I agree it would make sense to fix this one specifically for the alt attribute.

On Tue, Sep 26, 2023 at 6:27 AM Robert Means @.***> wrote:

@zhna123 https://github.com/zhna123 - There are cases where the image being added is purely decorative. In that case, we don't want explicit alt text. However, for your HTML to be in spec and pass validation, it needs an alt attribute. Leaving that attribute as a boolean without string will cause some screen readers to output "no alt text" and others will output the filename of the image. Both of these are disrupting to the UX of the page. So, the OP is correct, the alt tag should be allowed to be set to an empty string.

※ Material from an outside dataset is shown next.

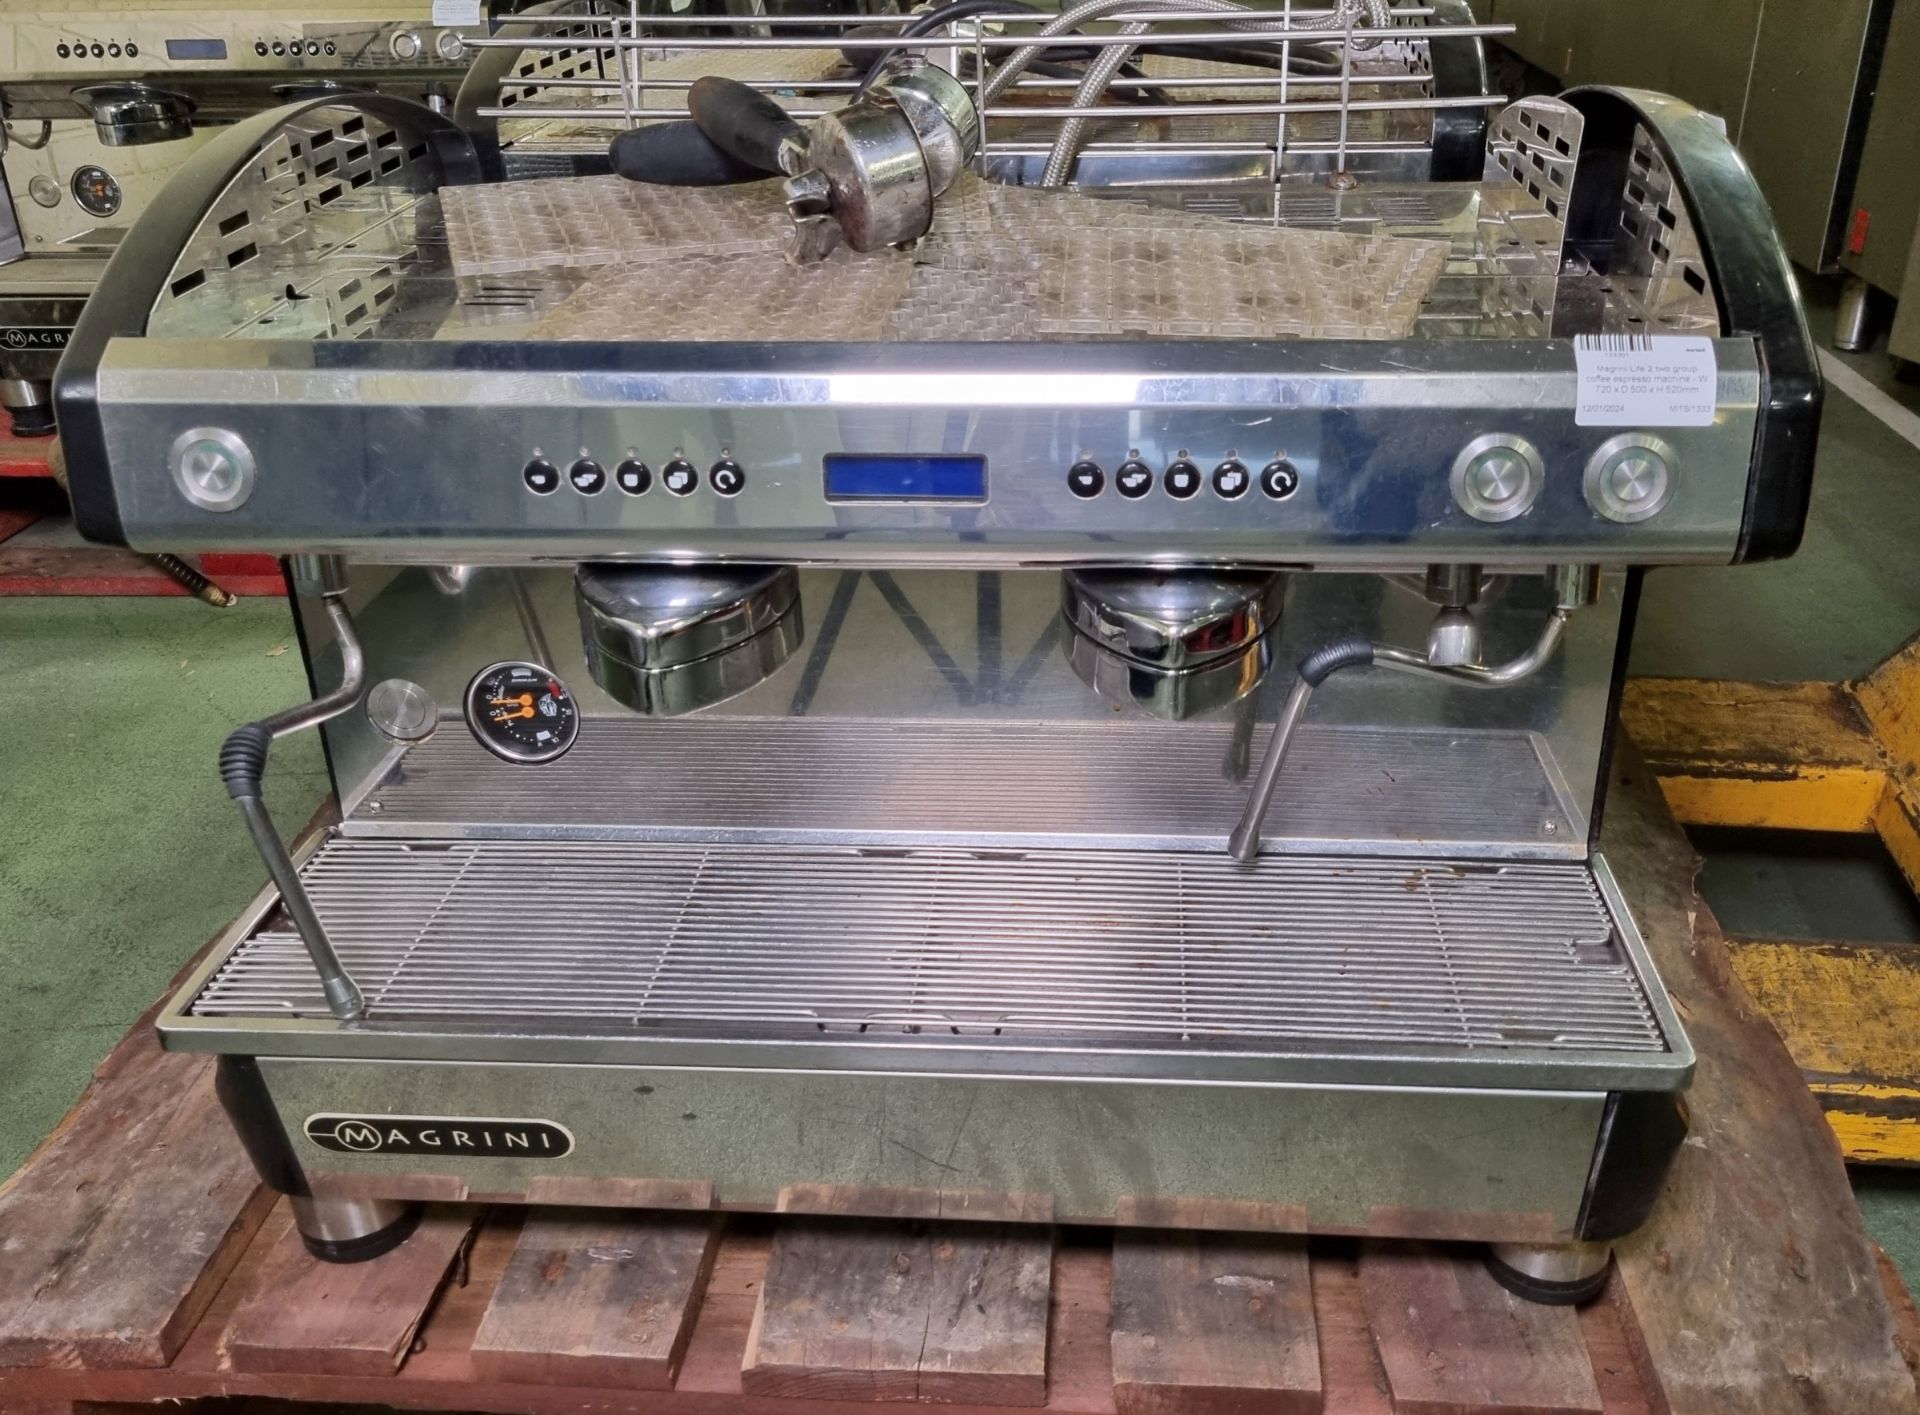 Magrini Life 2 two group coffee espresso machine - W 720 x D 500 x H 520 mm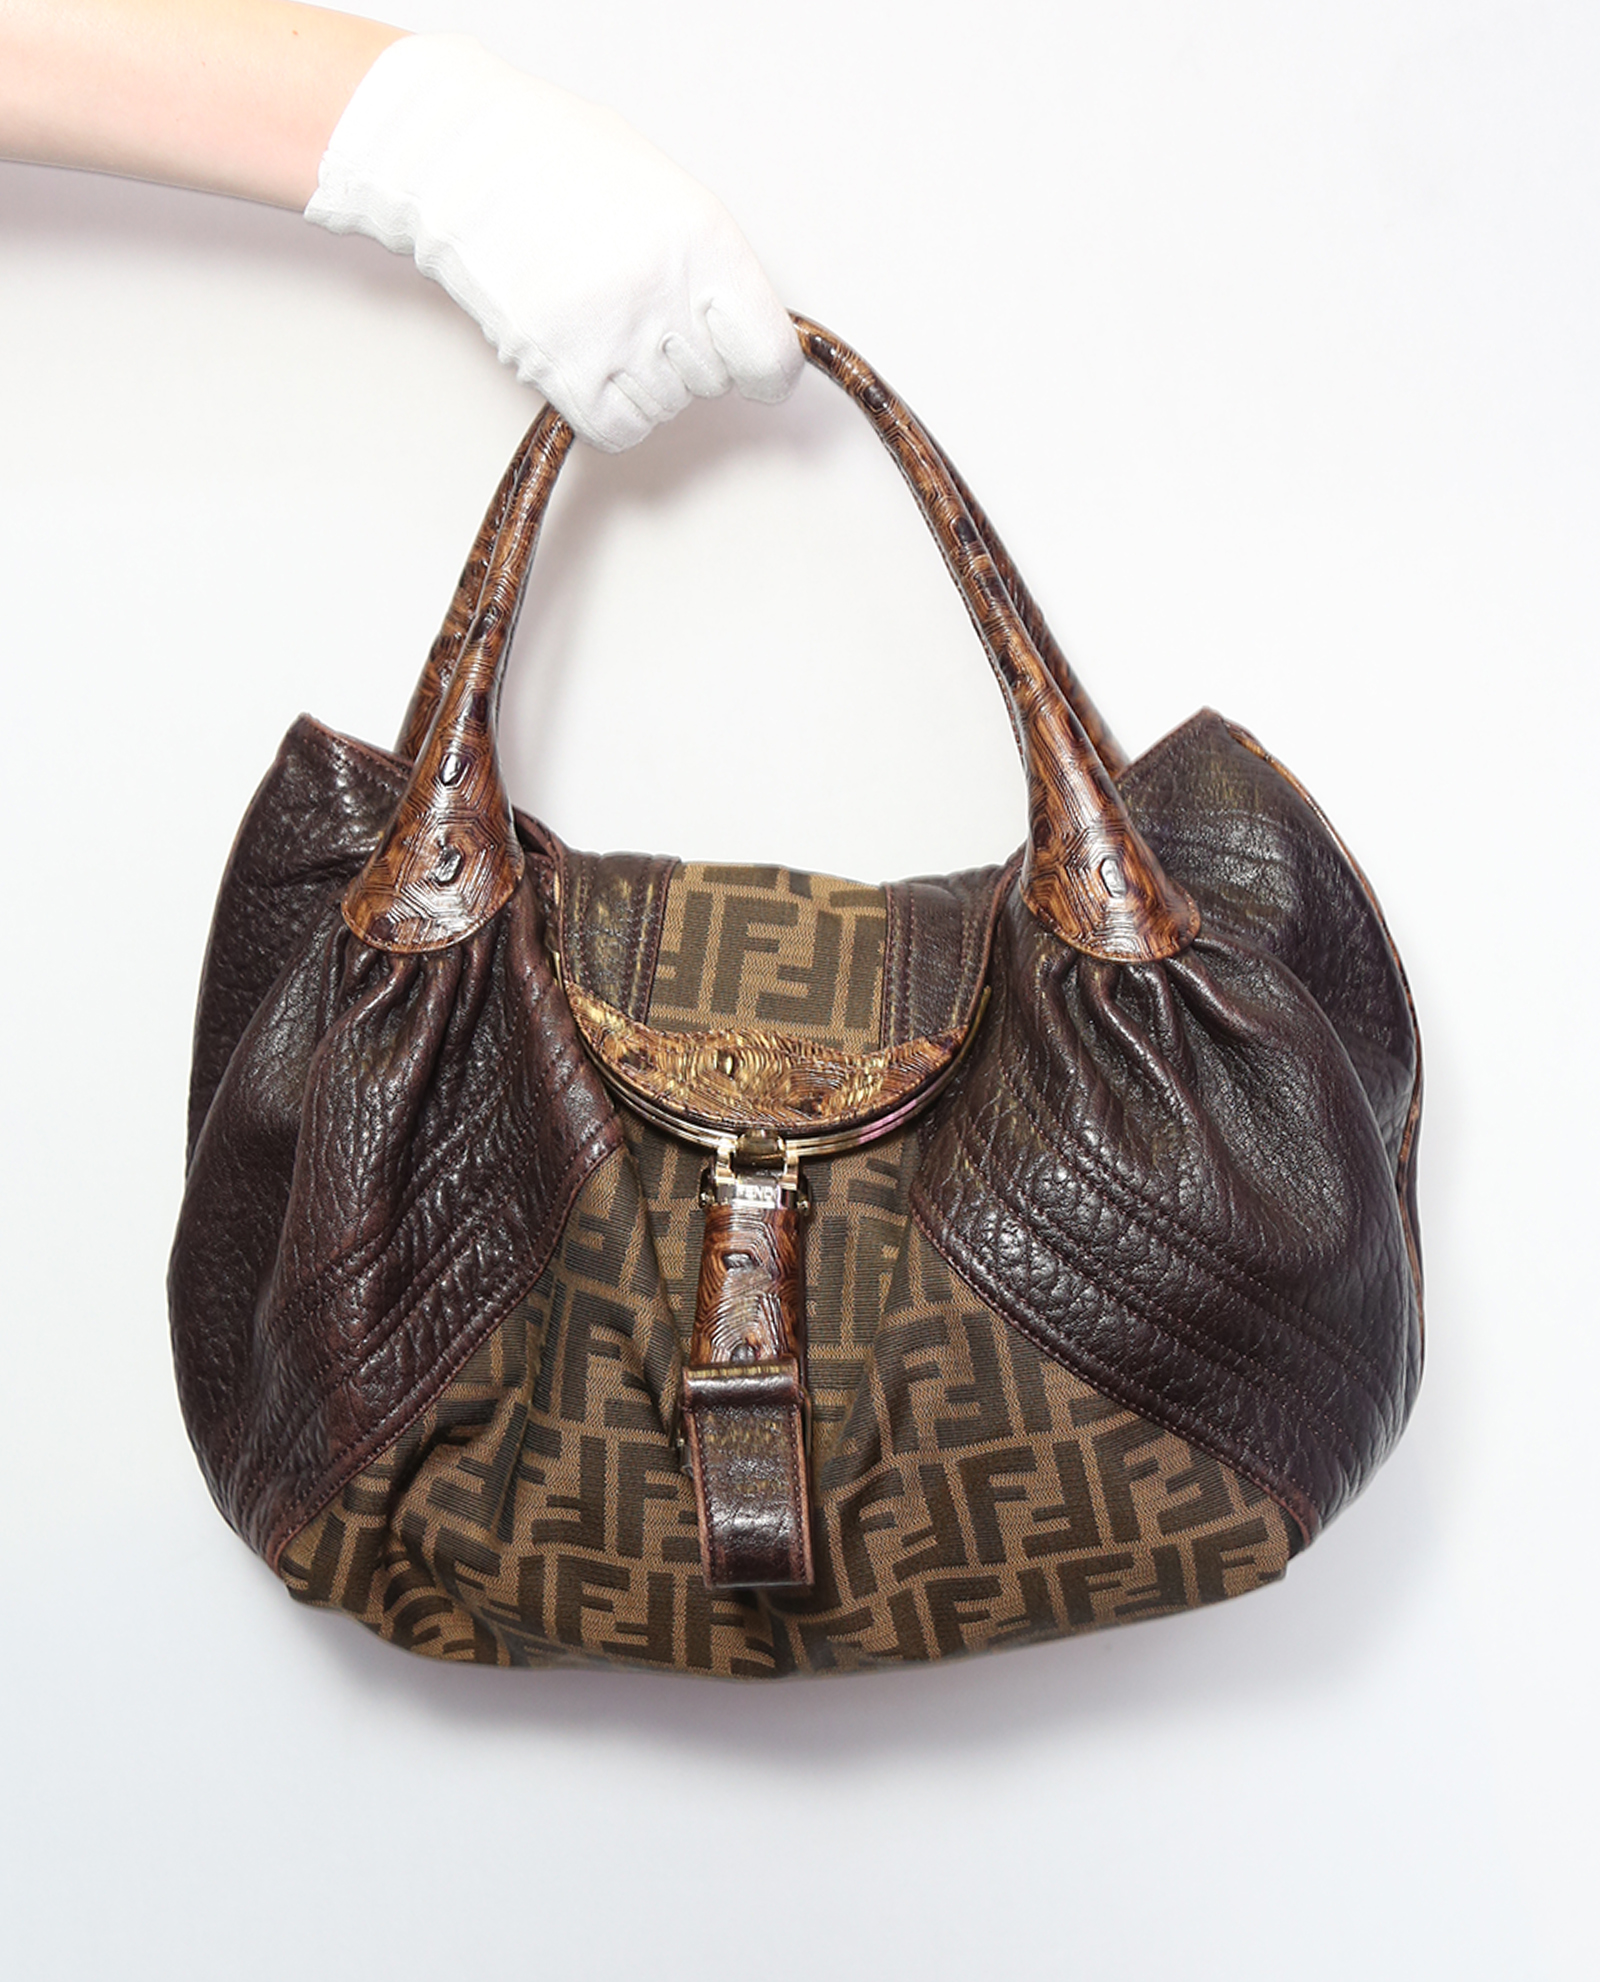 FENDI Spy Bag, - Vintage Mode und Accessoires 2020/12/07 - Realized price:  EUR 1,000 - Dorotheum

— Reply to this email directly, view it on GitHub https://github.com/apostrophecms/sanitize-html/issues/633#issuecomment-1735261269, or unsubscribe https://github.com/notifications/unsubscribe-auth/AAAH27OAQN37VYC6CLHLMETX4KUXZANCNFSM6AAAAAA4RB5HGI . You are receiving this because you are subscribed to this thread.Message ID: @.***>

--

THOMAS BOUTELL | CHIEF TECHNOLOGY OFFICER APOSTROPHECMS | apostrophecms.com | he/him/his

zhna123 commented 9 months ago

Okay. I used VoiceOver to test alt without explicitly specify ="", it didn't announce anything, but removing it will be "unlabeled image". But it's true that I can't guarantee all the screen reader will behave the same way.. I created a pr to fix this.